Hometown: Windsor, Conn.
Major/minors: English (creative writing)/ American studies
What drew her to Beloit: I struggled a lot in my public high school. Beloit seemed like a place that would give me a chance. It was nice to come somewhere that didn’t just care about your GPA.
How she knew it was right: I knew Beloit was right for me because it's the first place I've truly been able to take all my interests and mix them together. Nobody has ever questioned my desire to write poems about U.S. presidents or stopped me from writing critical essays in my own voice.
How her honors term has allowed her to stay at Beloit after graduating: My ultimate goal in life is to be a poet and a professor, and I wrote my honors term proposal with that goal in mind. During my honors term semester, I’m taking the 30 poems from my creative writing honors thesis and the 30 poems about presidents from my American studies capstone and turning them into one cohesive book-length manuscript. By May, I hope to have something I can send out for publication and/or graduate school. Also, the prospect of working closely with one of my favorite poets of all time, Kevin Young, who holds the 2013 Lois and Willard Mackey Chair in Creative Writing, made it a whole lot easier for me to choose to stick around.

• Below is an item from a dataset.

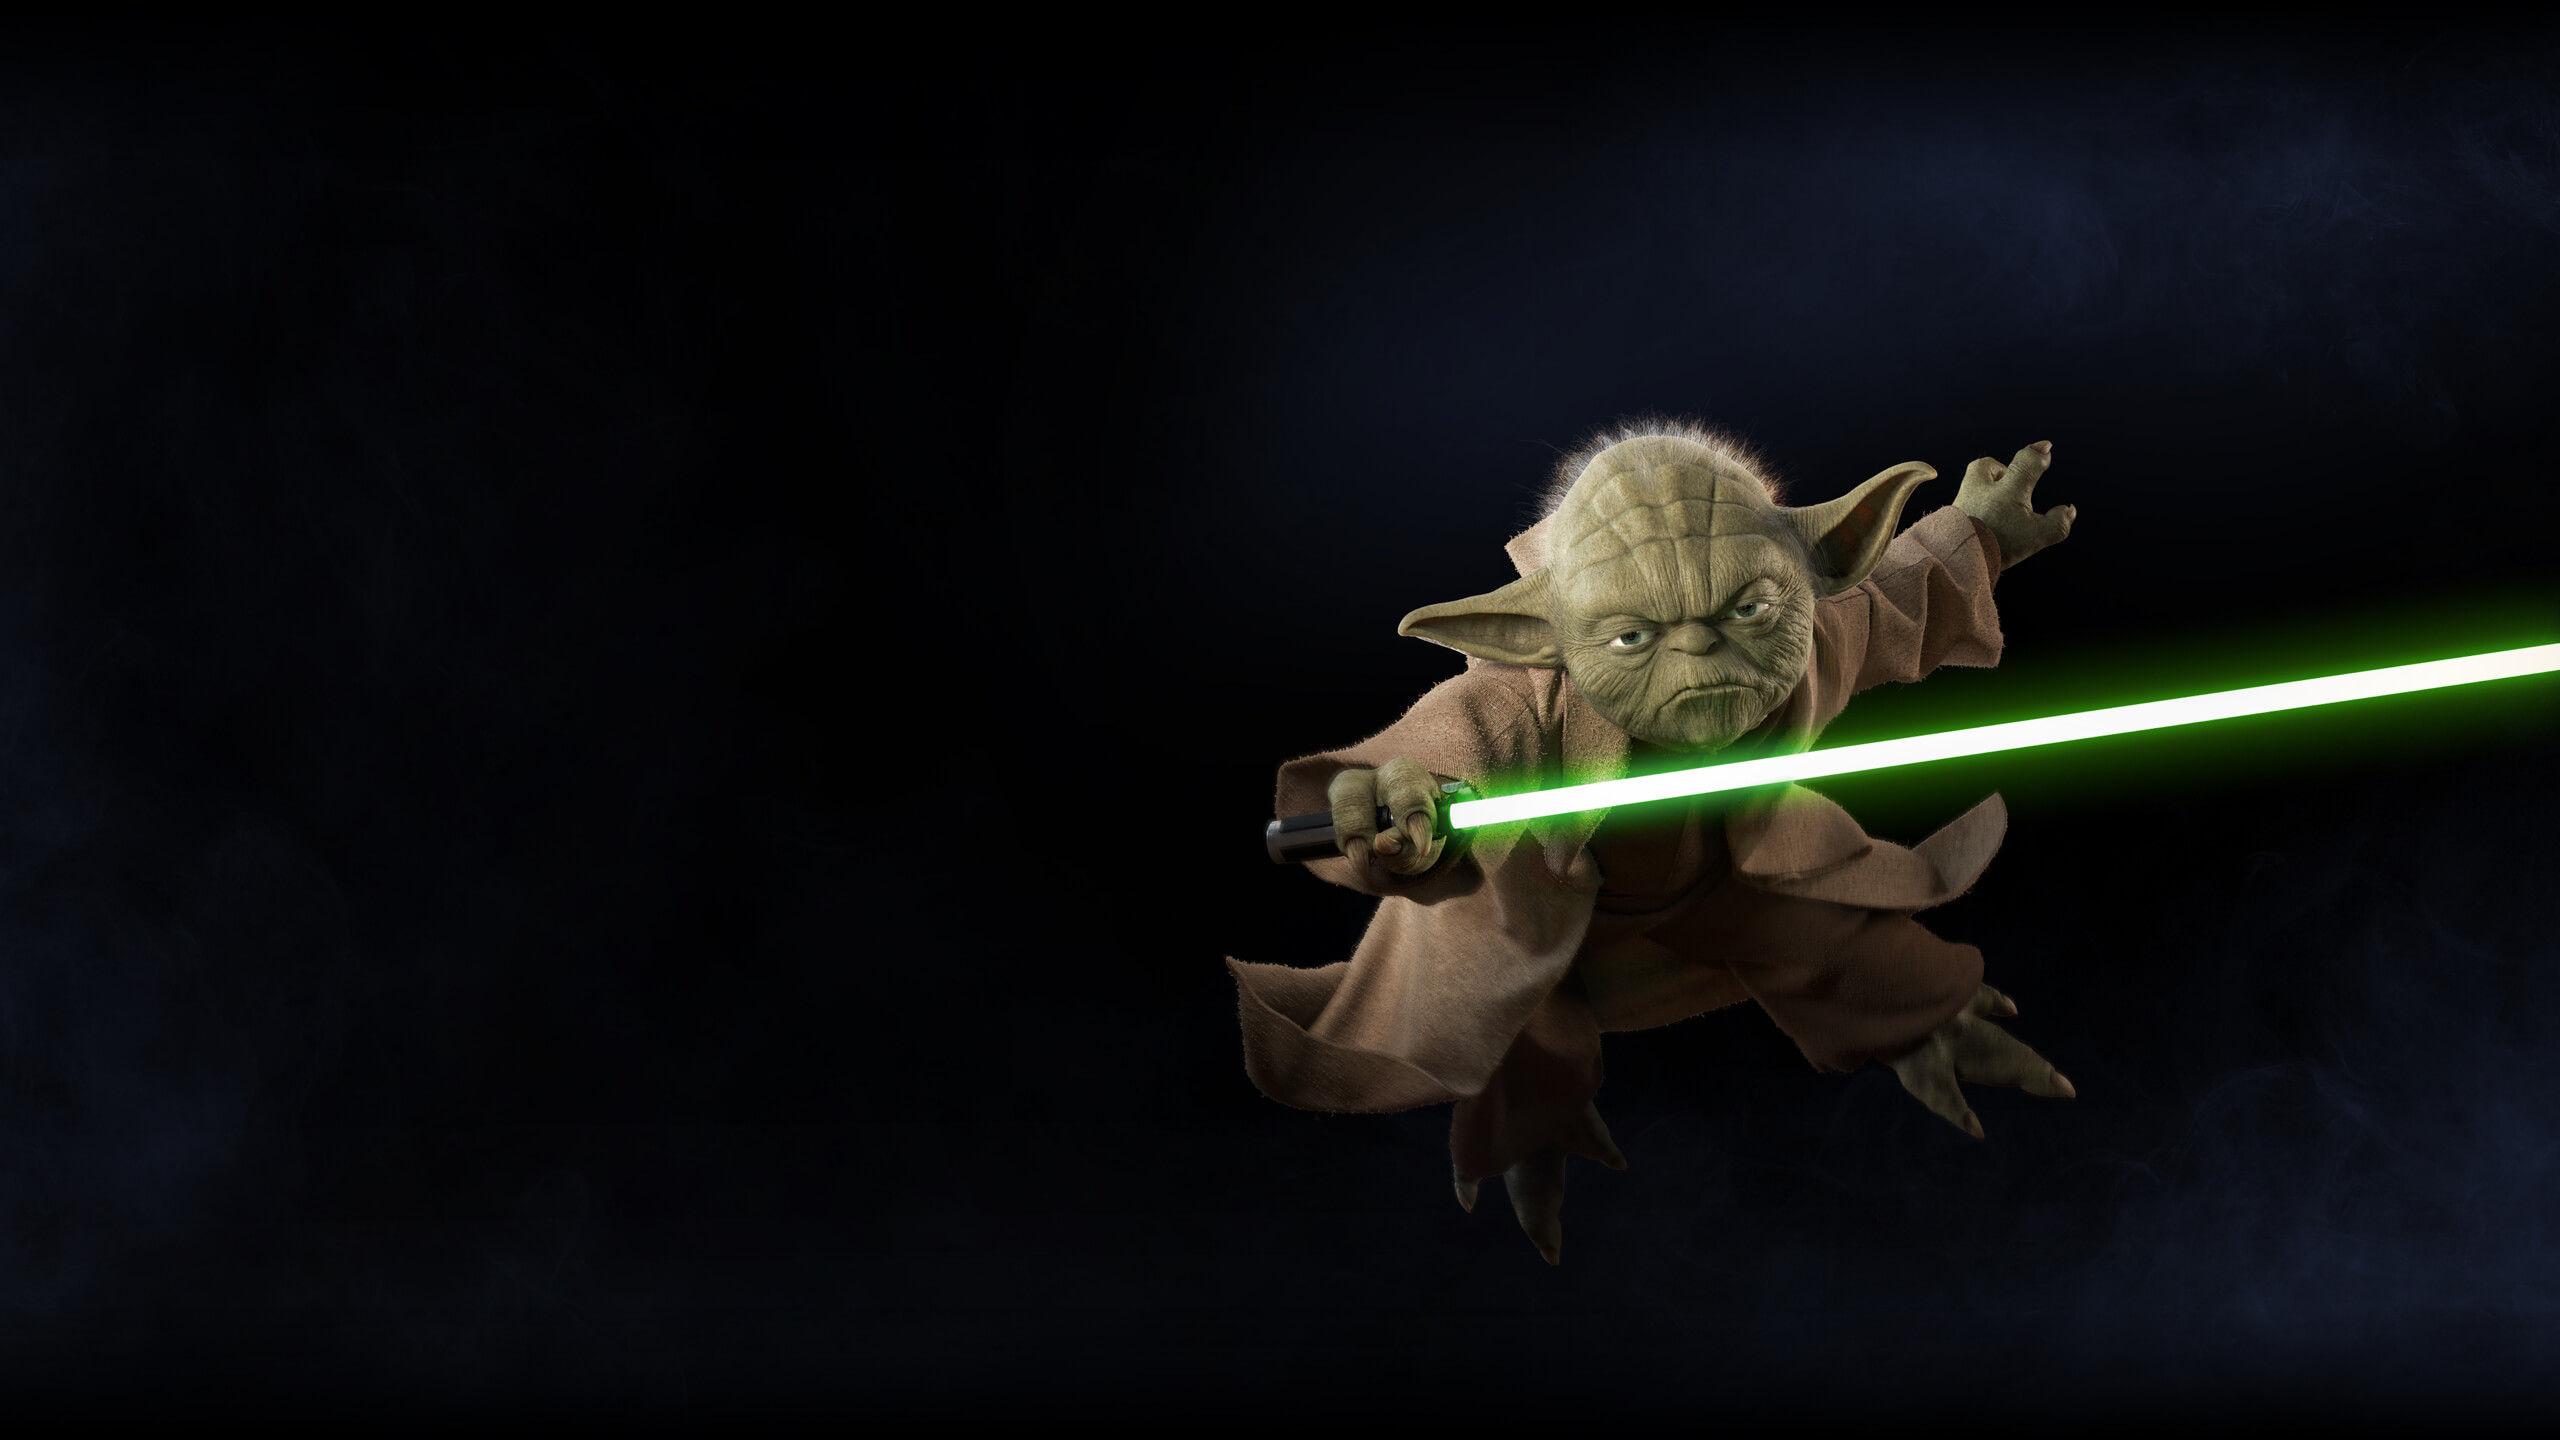 Yoda Star Wars Battlefront II, HD Games, 4k Wallpapers

What she does on campus: I’m the co-editor-in-chief of the Round Table now, but I was the opinions editor for a year and a half. I don’t really sleep on production nights, but it’s totally worth it. I can’t really imagine not being involved in the paper. I love nights when we’re all together writing, editing, helping each other, and watching silly YouTube videos. I also work at the Writing Center, which is oddly rewarding because I get to read other people’s essays and learn about things I wouldn’t have learned about otherwise.
How she took advantage of unique Beloit opportunities: I was really glad I chose Beloit when I received a Venture Grant to go across New England to the homes and graves of lesser-known 19th century presidents. That was my most amazing nerd moment at Beloit College.
On creating a writing event: I’ve organized Sh*t Lit twice now—it’s an event where creative writing majors read really bad stuff that they wrote in high school. Learning how to organize and promote an event was really valuable. Both times, C-Haus was packed, and I was sitting on the floor crying from laughing. It was really great because I put it together, I put a lot of effort into it, and it worked so well.
On the rewards of sending out her writing: Over the summer of 2011, I submitted to 20 literary journals. I got a couple of rejections, but I got a few acceptances as well. One of the journals, Mixed Fruit, published “Dear Brigadier,” a love poem I wrote to Ulysses S. Grant, and “Converting,” a poem I wrote about visiting George Washington’s Mount Vernon Estate in Virginia with my sister and her kids. Mixed Fruit decided that “Converting” was one of the best they published all year, so they nominated it for the Pushcart Prize (an American literary prize by Pushcart Press honoring the best poetry, short fiction, and essays). It feels like my work has paid off and makes me want to work harder.
How she made the most of her major: My honors thesis in creative writing was about 30 pages of poems about Civil War-era African-American history as well as my experiences growing up biracial. Writing so much is scary, especially because it all has to fit under some sort of main idea. I’m excited to have some sort of cohesive manuscript finished. It’s one step closer to being a poet.